**RAW DATA**
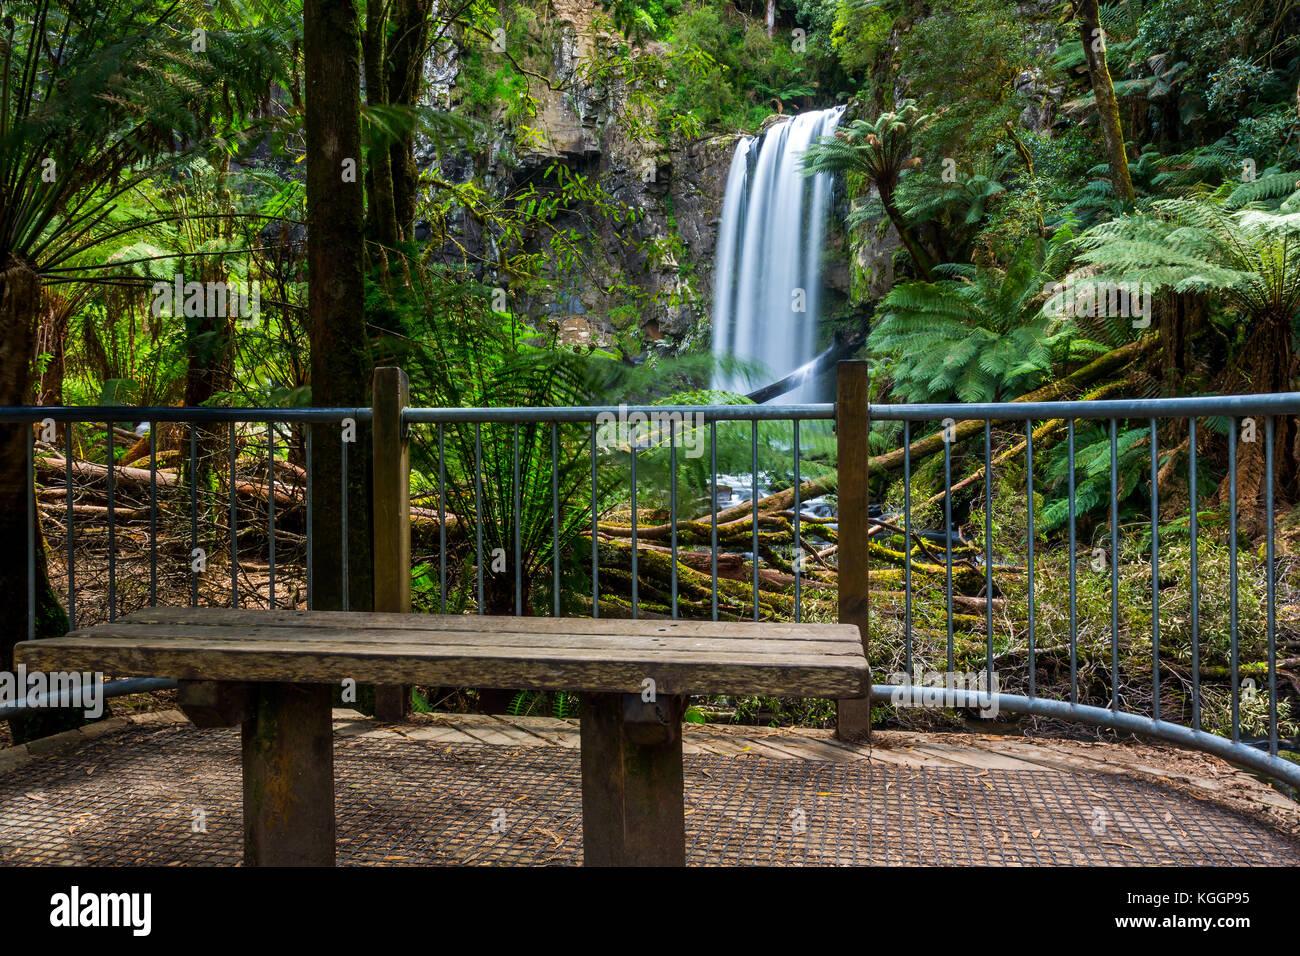 The viewing platform at the bottom of the Hopetoun Falls. - Stock Image
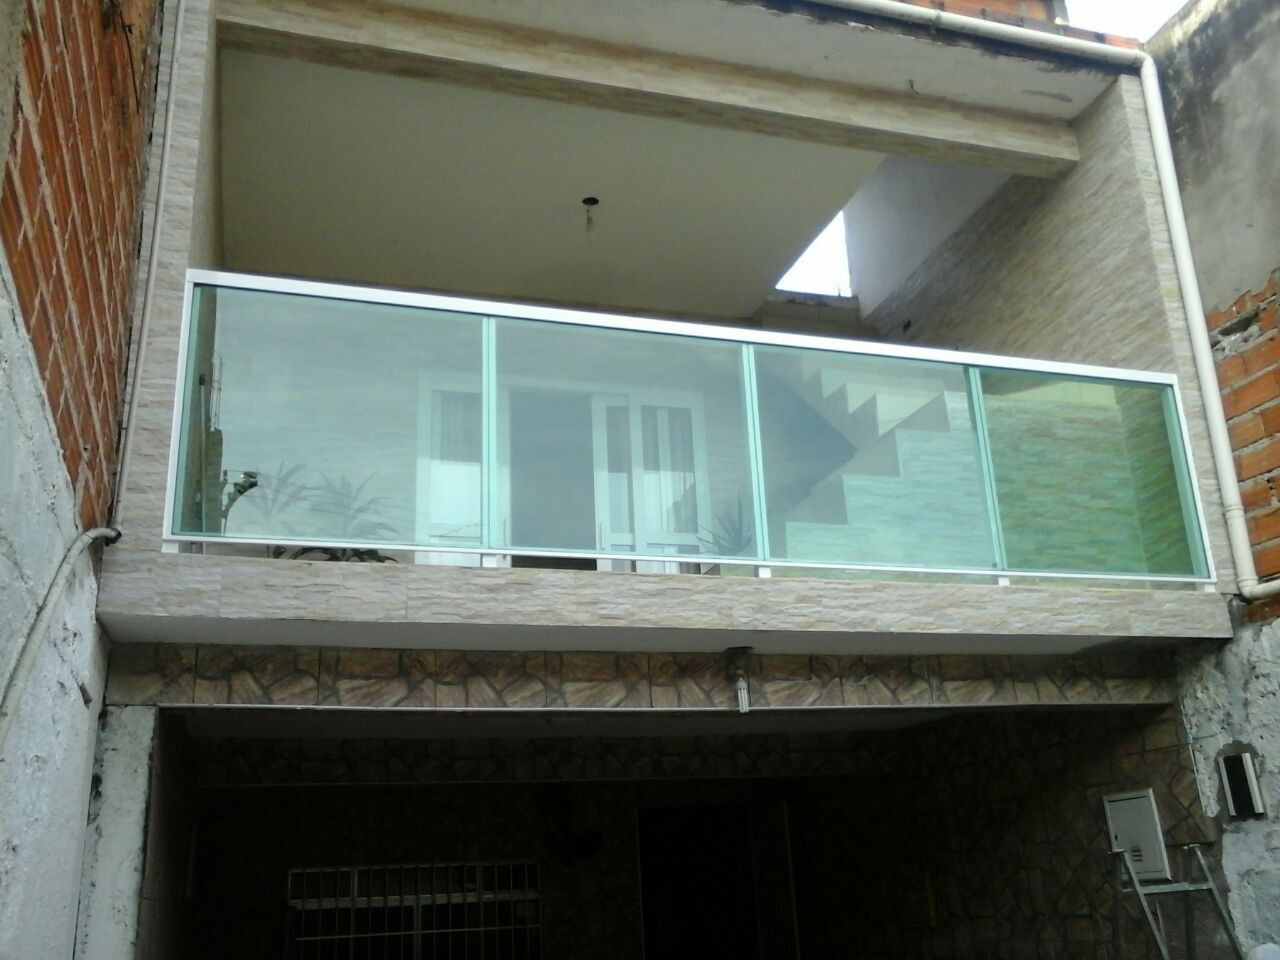 #64462D Empresa de fazer compra de guarda corpo de vidro temperado na Mooca 354 Janelas De Vidro Temperado Preço Zona Leste
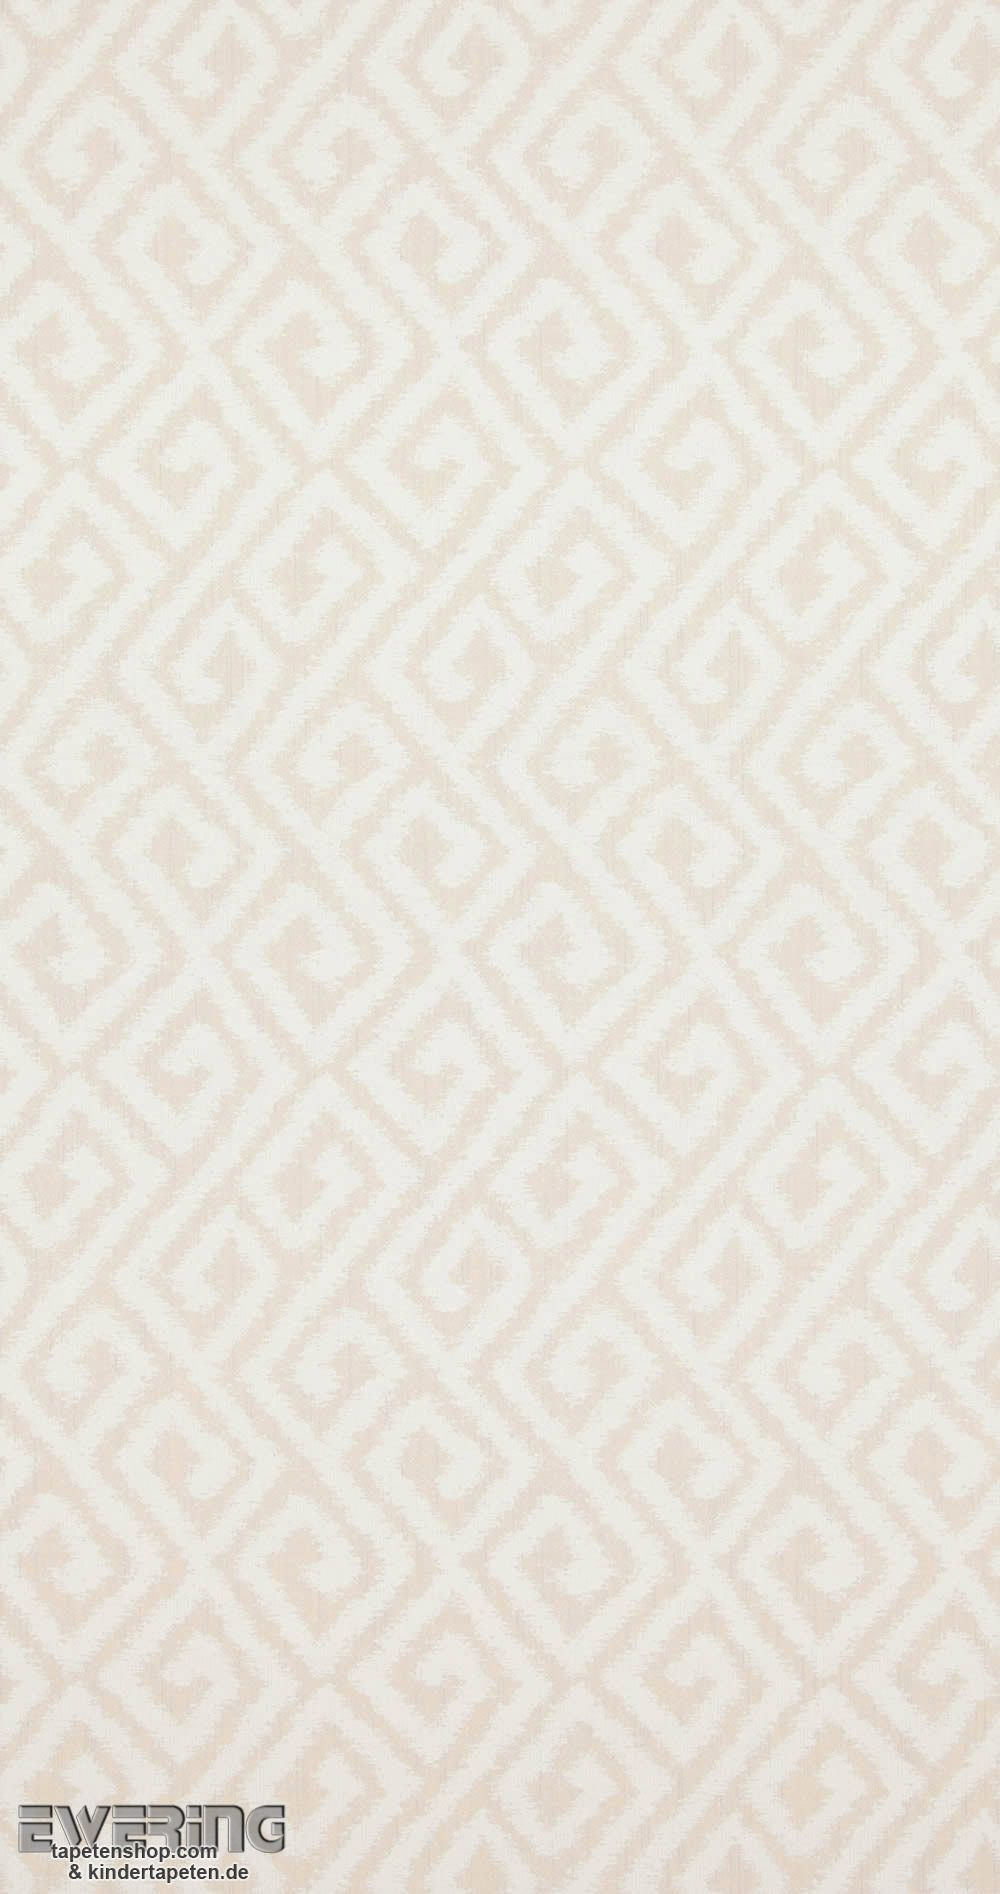 bn tapeten nomadics 12 17261 beige vliestapete graphisches muster graphic patterns. Black Bedroom Furniture Sets. Home Design Ideas

**EXERCISE AIM**
The listing must be repeated word for word, and none of its pictures may appear in the copy.

**ANSWER**
 The viewing platform at the bottom of the Hopetoun Falls. - Stock Image
 #64462D Empresa de fazer compra de guarda corpo de vidro temperado na Mooca 354 Janelas De Vidro Temperado Preço Zona Leste
 bn tapeten nomadics 12 17261 beige vliestapete graphisches muster graphic patterns. Black Bedroom Furniture Sets. Home Design Ideas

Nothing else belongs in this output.